Na pokładzie pozostał tylko Greg, a właściwie pozostał ciałem i duchem, bo Oskar i pozostali dwaj jego kompani leżeli w swoich kajutach, a gdzie byli duchem? Majce wydało się, że widzi przez moment połyskliwy zarys postaci i czuje obecność Oskara, ale po chwili wszystko zniknęło.

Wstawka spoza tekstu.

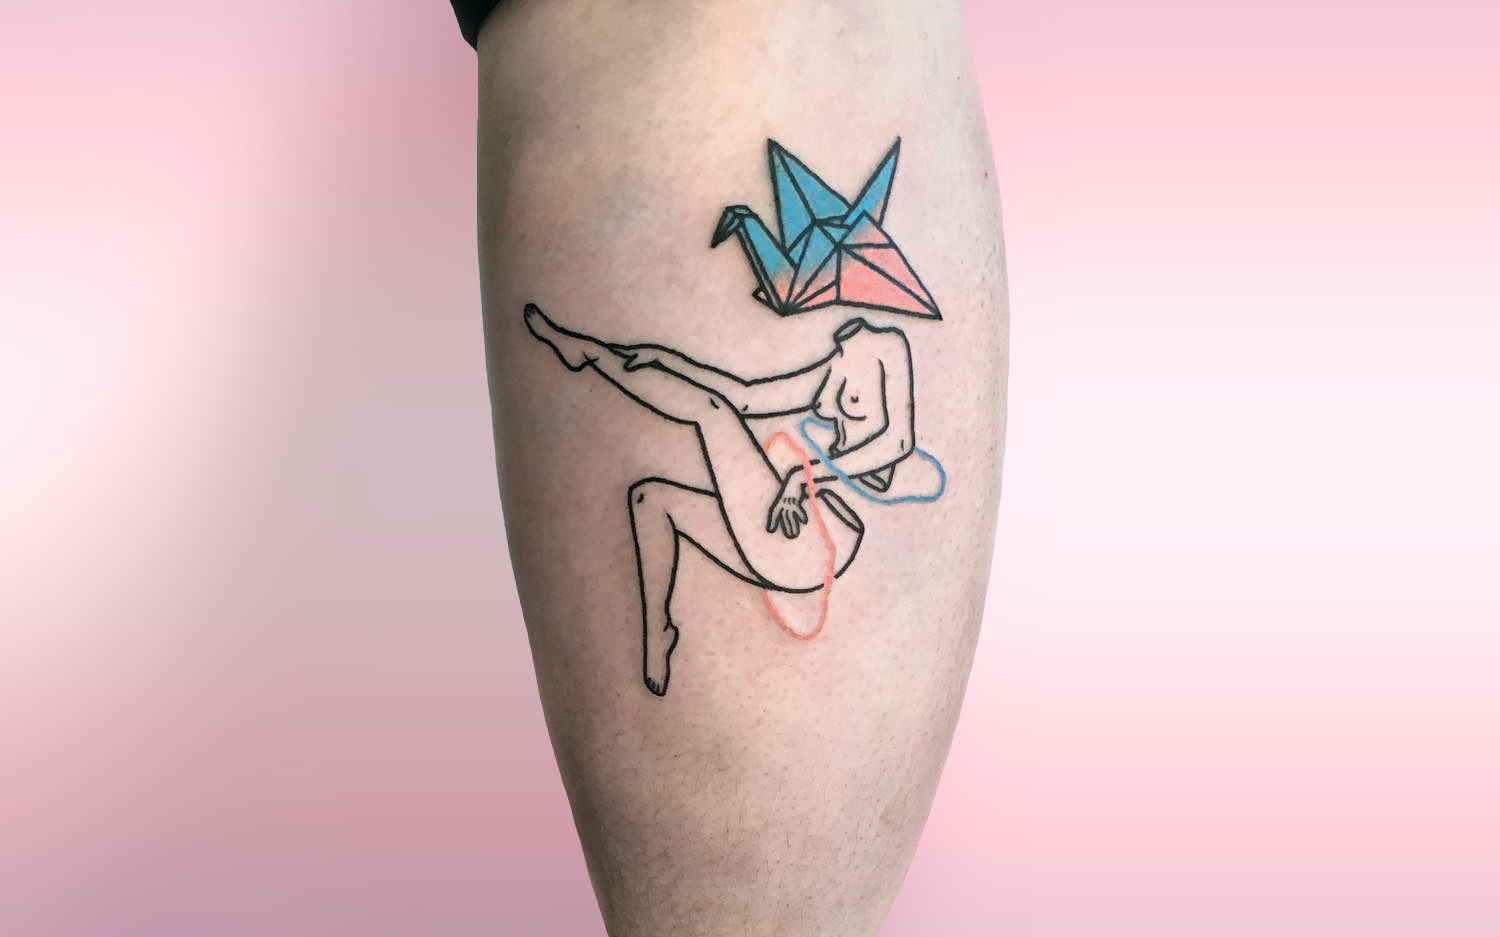 Origami figure drawing tattoo by Blaabad

- Pani prowadzi – Akos skłonił jej się przesadnie.
Roześmiała się wesoło. Przez te kilka dni udało jej się rozruszać to towarzystwo, a w każdym razie nakłonić do swobodnego zachowania w jej obecności. Teraz, choć zdawała sobie sprawę, że Akos był jej ochroniarzem i jak powiedział Oskar, odpowiadał za nią głową, postanowiła dobrze się bawić.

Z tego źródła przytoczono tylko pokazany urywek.